* [Problem] List each line of the data that holds the word "fastening".

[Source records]
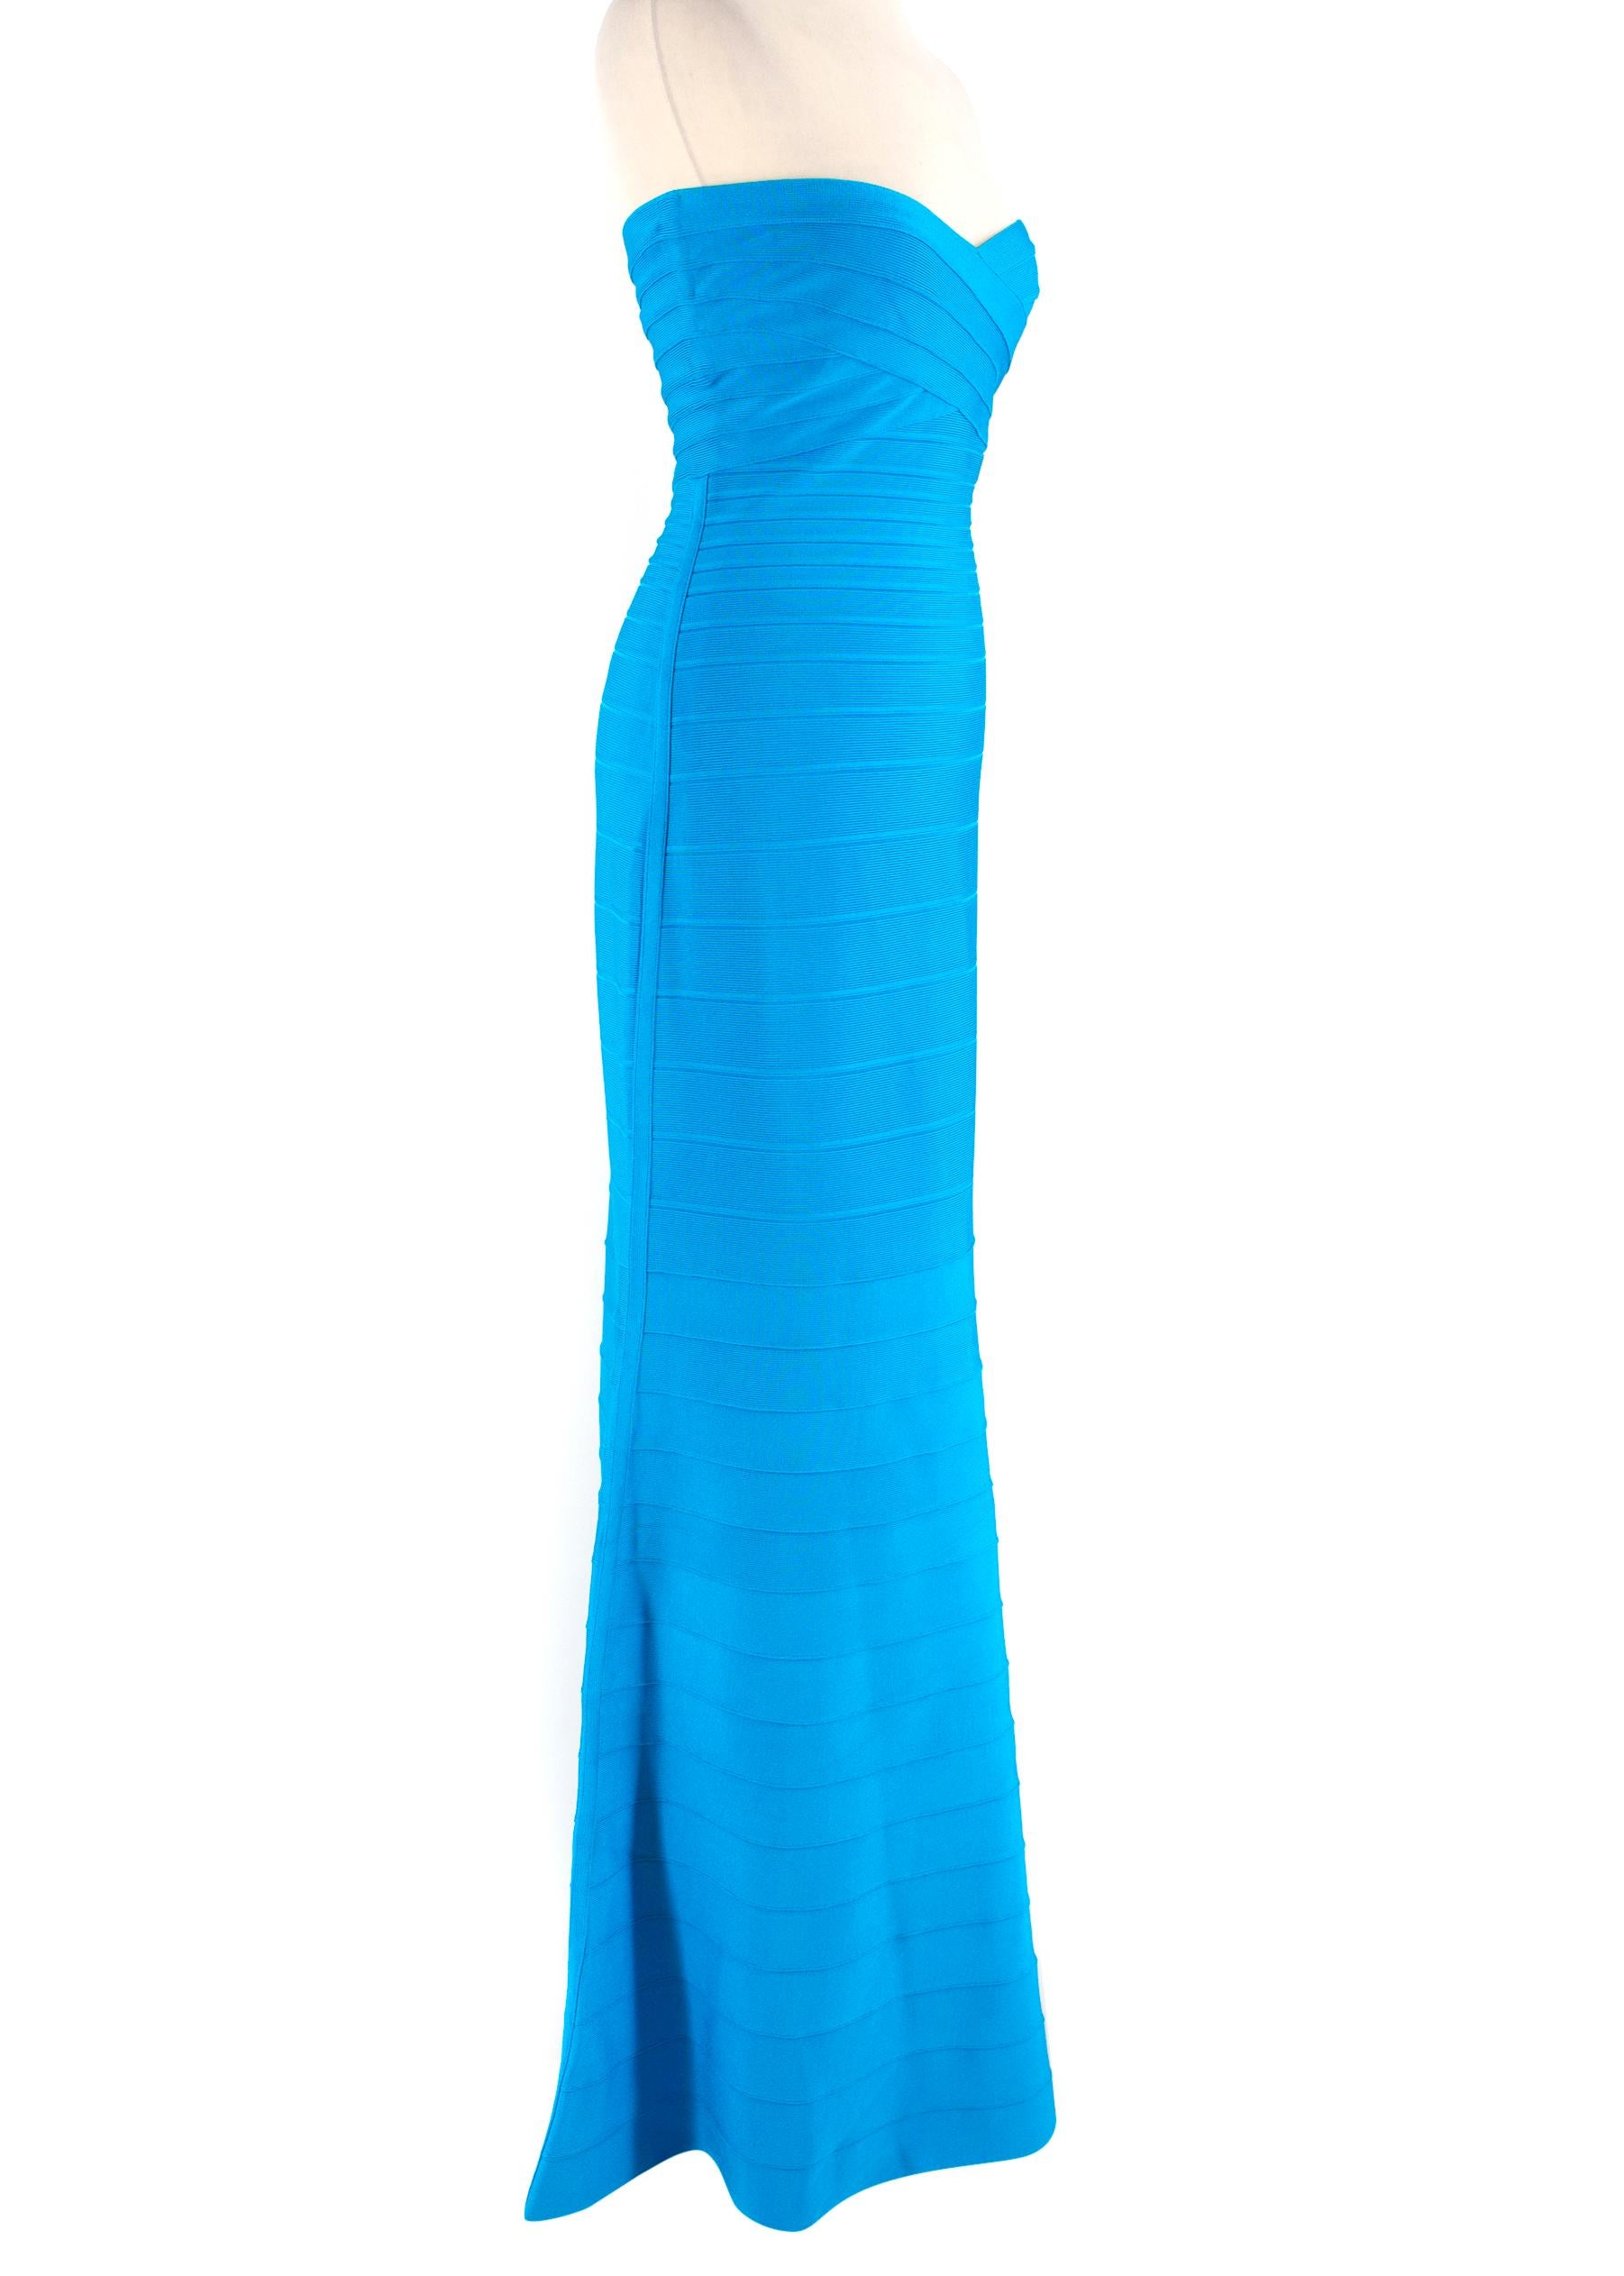 Herve Leger Sara turquoise bandage gown

- Turquoise-blue, heavyweight double knit 
- Bandage design 
- Strapless, internal boning and hook-fastening back strap 
- Centre-back concealed-zip fastening 
- Top internal silicone tape

Please note, these
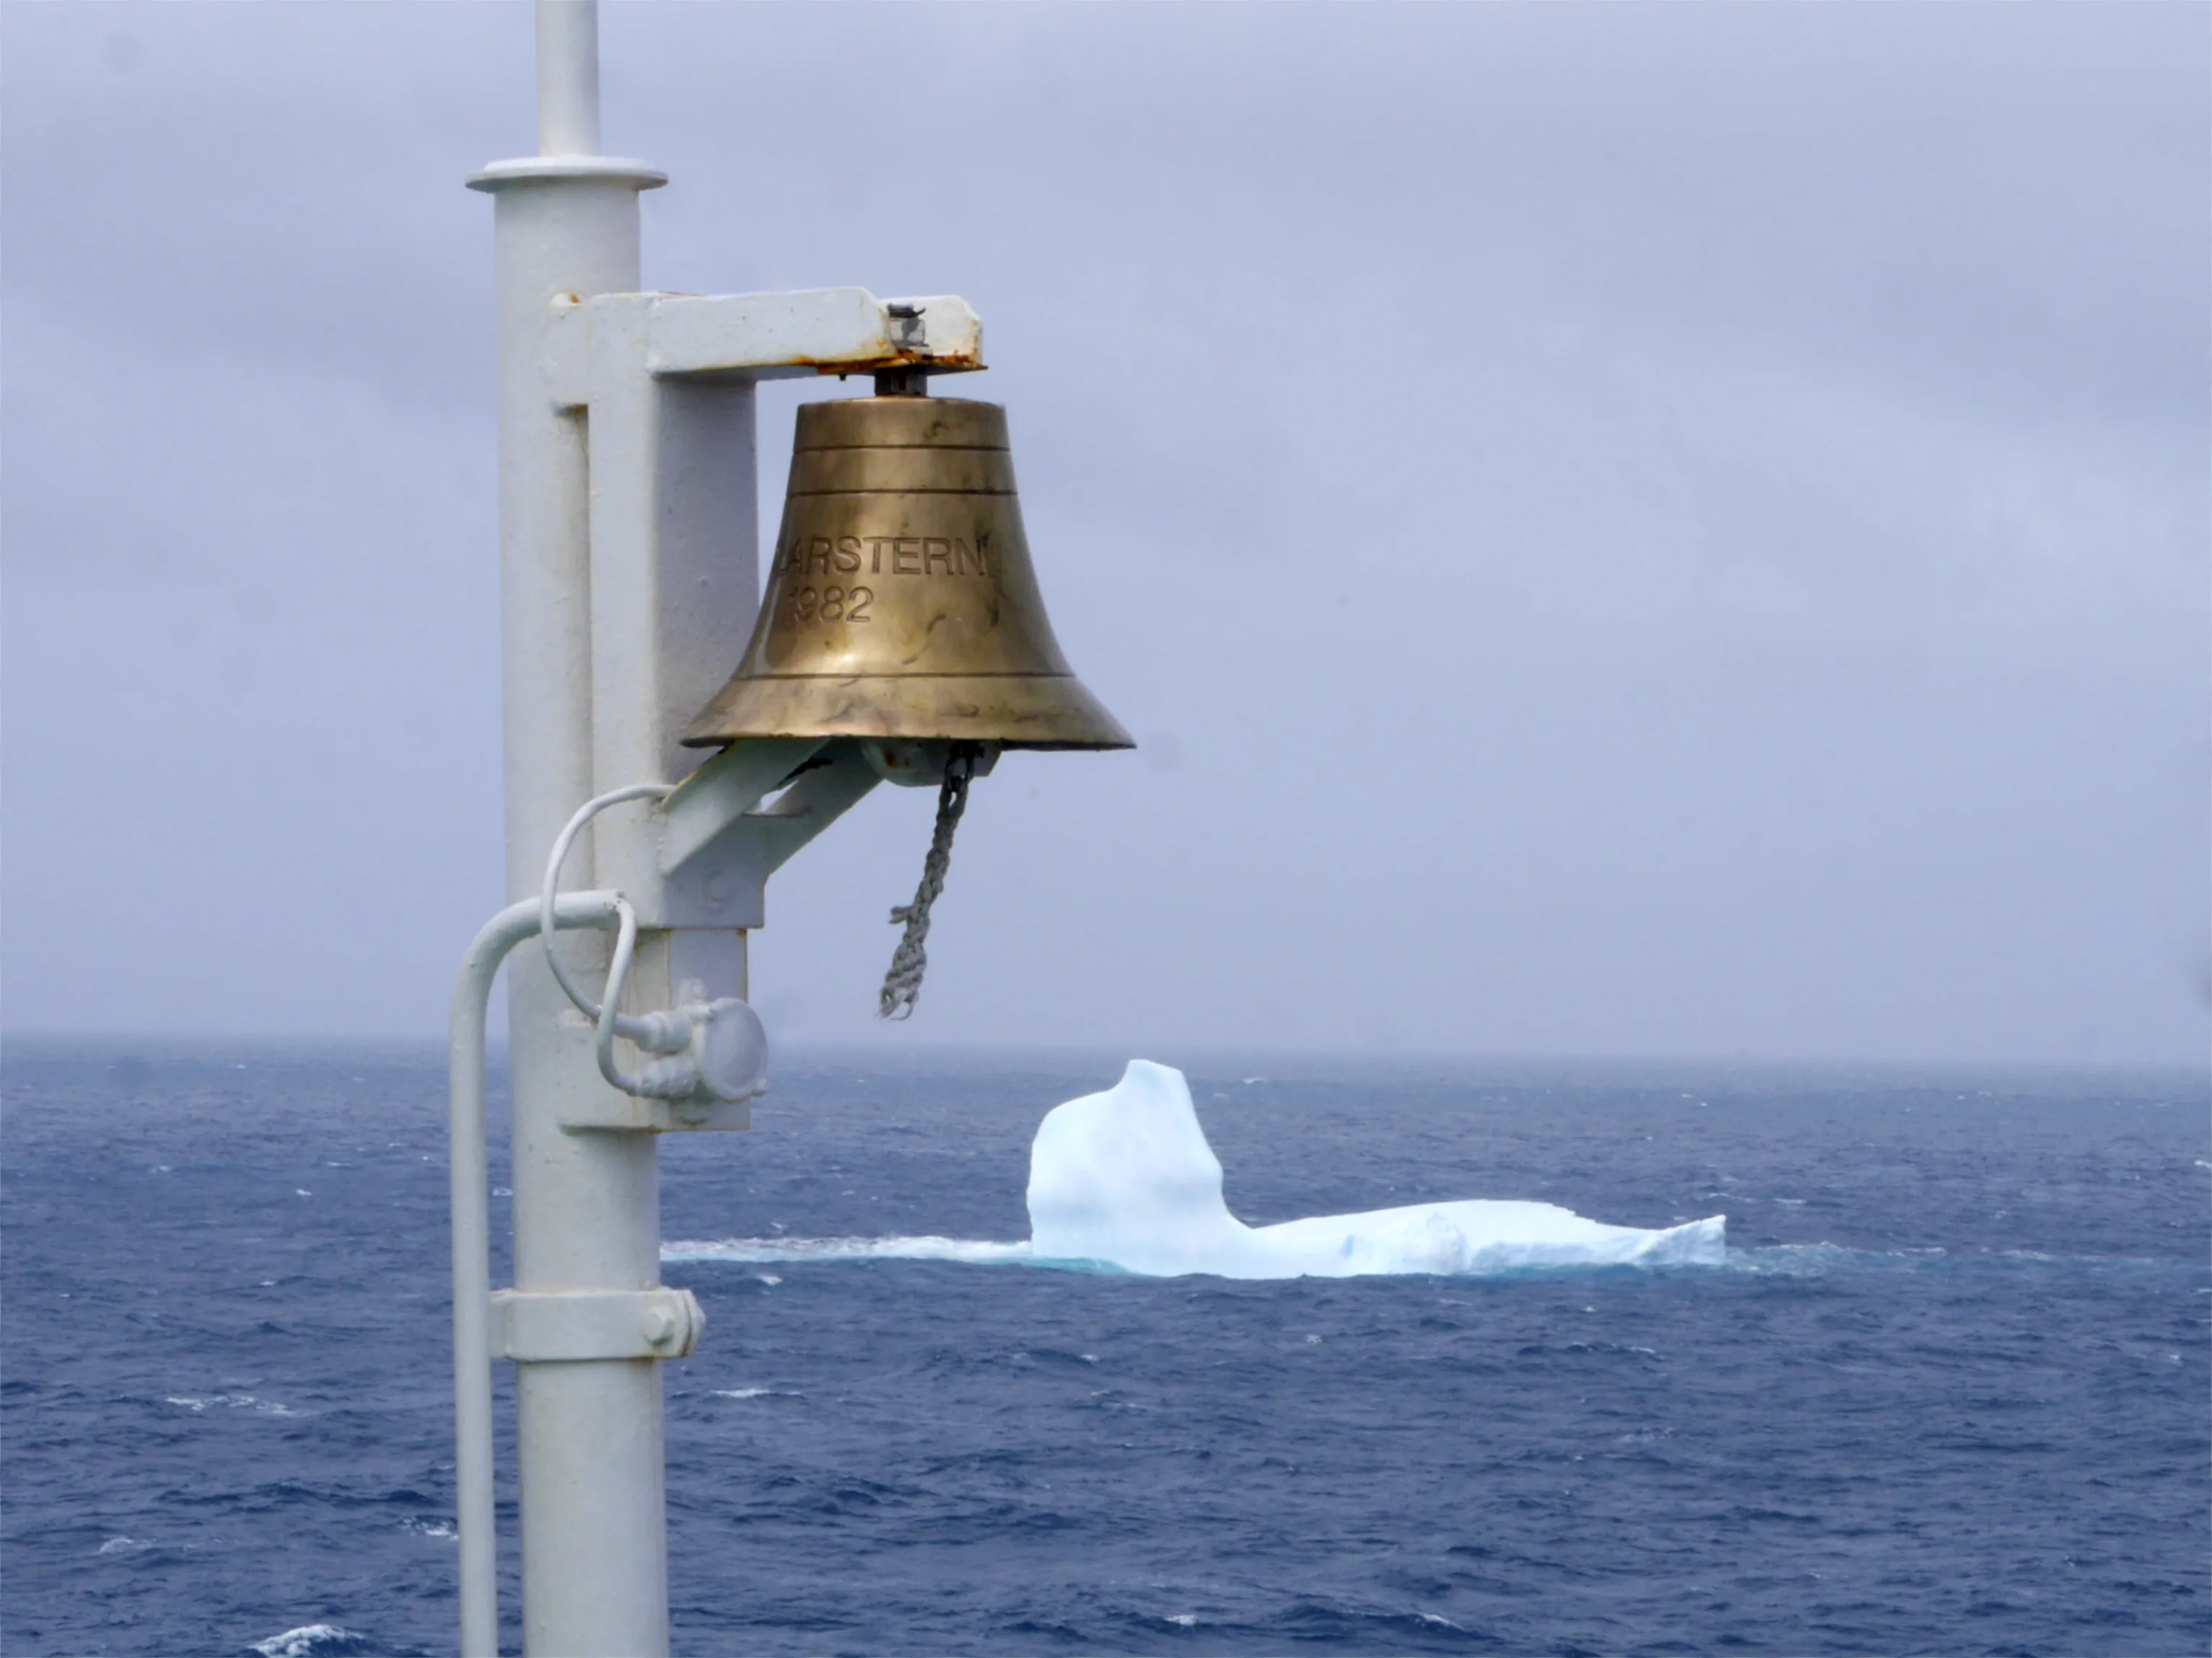 Photo of an iceberg in a grey ocean with a bell in the foreground. The iceberg has the rough outline of a bird lying on its back, and the bell has 'Polarstern 1982' written on it.

* [Answer to the exercise]
- Strapless, internal boning and hook-fastening back strap 
- Centre-back concealed-zip fastening 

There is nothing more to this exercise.